Reputation: 43
I want to parse a line from a CSV(comma separated) file, something like this:
Bosh,Mark,[email protected],"3, Institute","83, 1, 2",1,21
I have to parse the file, and instead of the commas between the apostrophes I wanna have ';', like this:
Bosh,Mark,[email protected],"3; Institute","83; 1; 2",1,21
I use the following Java code but it doesn't parse it well:
Pattern regex = Pattern.compile("(\"[^\\]]*\")");
Matcher matcher = regex.matcher(line);
if (matcher.find()) {
String replacedMatch = matcher.group();
String gr1 = matcher.group(1);
gr1.trim();
replacedMatch = replacedMatch.replace(",", ";");
line = line.replace(matcher.group(), replacedMatch);
}
the output is:
Bosh,Mark,[email protected],"3; Institute";"83; 1; 2",1,21
anyone have any idea how to fix this?
Upvotes: 1
Views: 125
Reputation: 170158
Here's a way:
import java.util.regex.*;
class Main {
public static void main(String[] args) {
String in = "Bosh,Mark,[email protected],\"3, \"\" Institute\",\"83, 1, 2\",1,21";
String regex = "[^,\"\r\n]+|\"(\"\"|[^\"])*\"";
Matcher matcher = Pattern.compile(regex).matcher(in);
StringBuilder out = new StringBuilder();
while(matcher.find()) {
out.append(matcher.group().replace(',', ';')).append(',');
}
out.deleteCharAt(out.length() - 1);
System.out.println(in + "\n" + out);
}
}
which will print:
Bosh,Mark,[email protected],"3, "" Institute","83, 1, 2",1,21 Bosh,Mark,[email protected],"3; "" Institute","83; 1; 2",1,21
Tested on Ideone: http://ideone.com/fCgh7
Upvotes: 2
Reputation: 56809
This is my solution to replace ,
inside quote to ;
. It assumes that if "
were to appear in a quoted string, then it is escaped by another "
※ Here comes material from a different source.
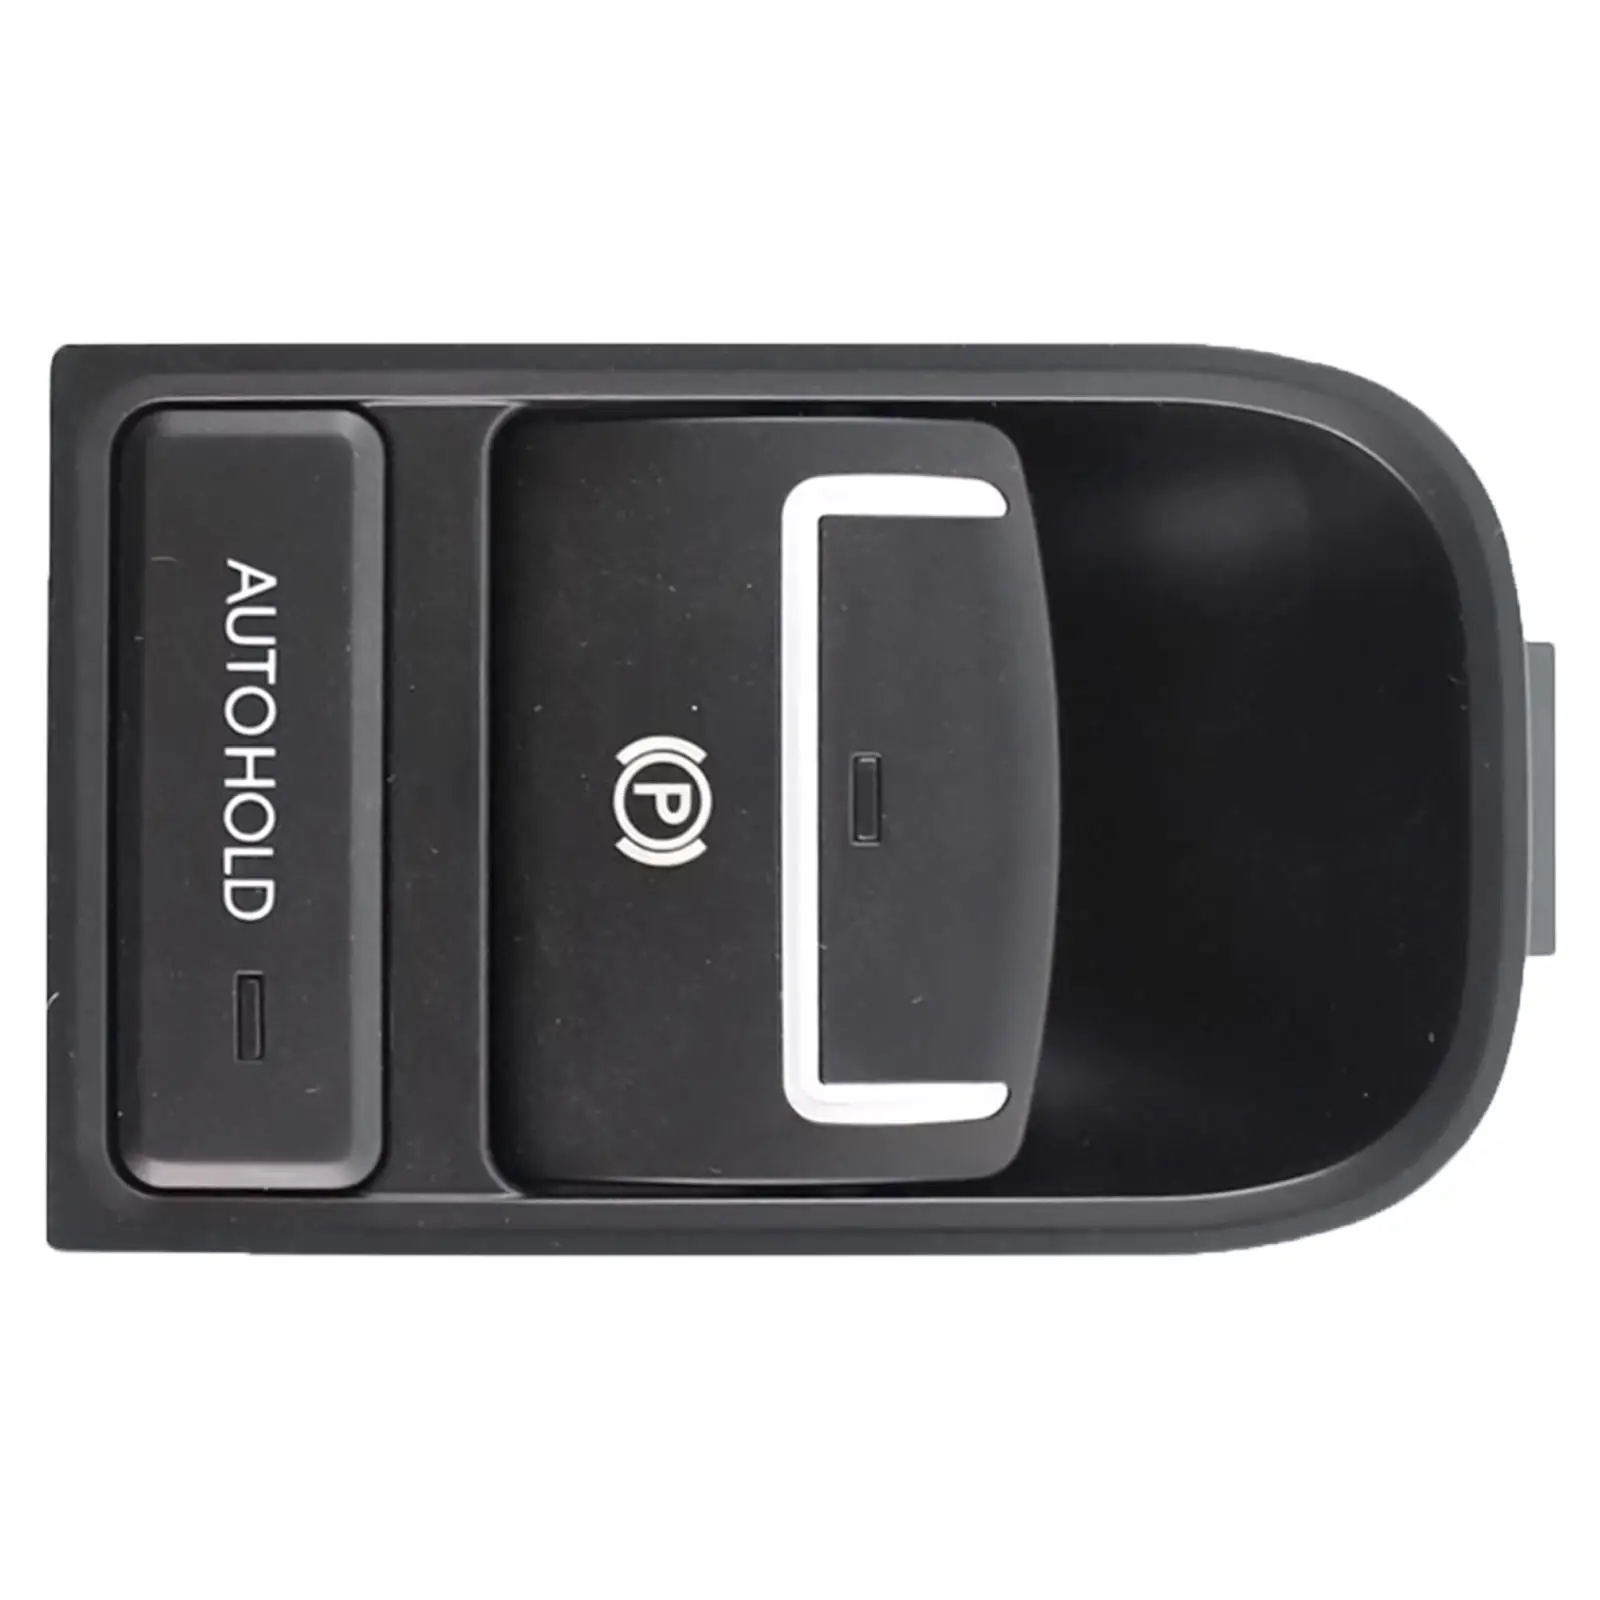 Electronic Auto Hand Brake Button 5N0927225A 100mm Parking Brake Switch for Seat 2011-2015 VW Tiguan

. This property ensures that counting from start to the current character, if the number of quotes "
is odd, then that character is inside a quoted string.
// Test string, with the tricky case """", which resolves to
// a length 1 string of single quote "
String line = "Bosh,\"\"\"\",[email protected],\"3, Institute\",\"83, 1, 2\",1,21";
Pattern pattern = Pattern.compile("\"[^\"]*\"");
Matcher matcher = pattern.matcher(line);
int start = 0;
StringBuilder output = new StringBuilder();
while (matcher.find()) {
// System.out.println(m.group() + "\n " + m.start() + " " + m.end());
output
.append(line.substring(start, matcher.start())) // Append unrelated contents
.append(matcher.group().replaceAll(",", ";")); // Append replaced string
start = matcher.end();
}
output.append(line.substring(start)); // Append the rest of unrelated contents
// System.out.println(output);
Although I cannot find any case that will fail the method of replace the matched group like you did in line = line.replace(matcher.group(), replacedMatch);
, I feel safer to rebuild the string from scratch.
Upvotes: 3
Reputation: 3004
Here is the what you need
String line = "Bosh,Mark,[email protected],\"3, Institute\",\"83, 1, 2\",1,21";
Pattern regex = Pattern.compile("(\"[^\"]*\")");
Matcher matcher = regex.matcher(line);
while(matcher.find()){
String replacedMatch = matcher.group();
String gr1 = matcher.group(1);
gr1.trim();
replacedMatch = replacedMatch.replace(",", ";");
line = line.replace(matcher.group(), replacedMatch);
}
line will have value you needed.
Upvotes: 1
Reputation: 1777
Shouldn't your regex be ("[^"]*") instead? In other words, your first line should be:
Pattern regex = Pattern.compile("(\"[^\"]*\")");
Of course, this is assuming you can't have quotes in the quoted values of your input line.
Upvotes: 0
Reputation: 1004
Your regex is faulty. Why would you want to make sure there are no ] within the "..." expression? You'd rather make the regex reluctant (default is eager, which means it catches as much as it can).
"(\"[^\\]]*\")"
should be
"(\"[^\"]*\")"
But nhadtdh is right, you should use a proper CSV library to parse it and replace , to ; in the values the parser returns. I'm sure you'll find a parser when googling "Java CSV parser".
Upvotes: 0
Reputation: 5348
Have you tried to make the RegExp lazy? Another idea: inside the [] you should use a " too. If you do that, you should have the expected output with global flag set.
Upvotes: 0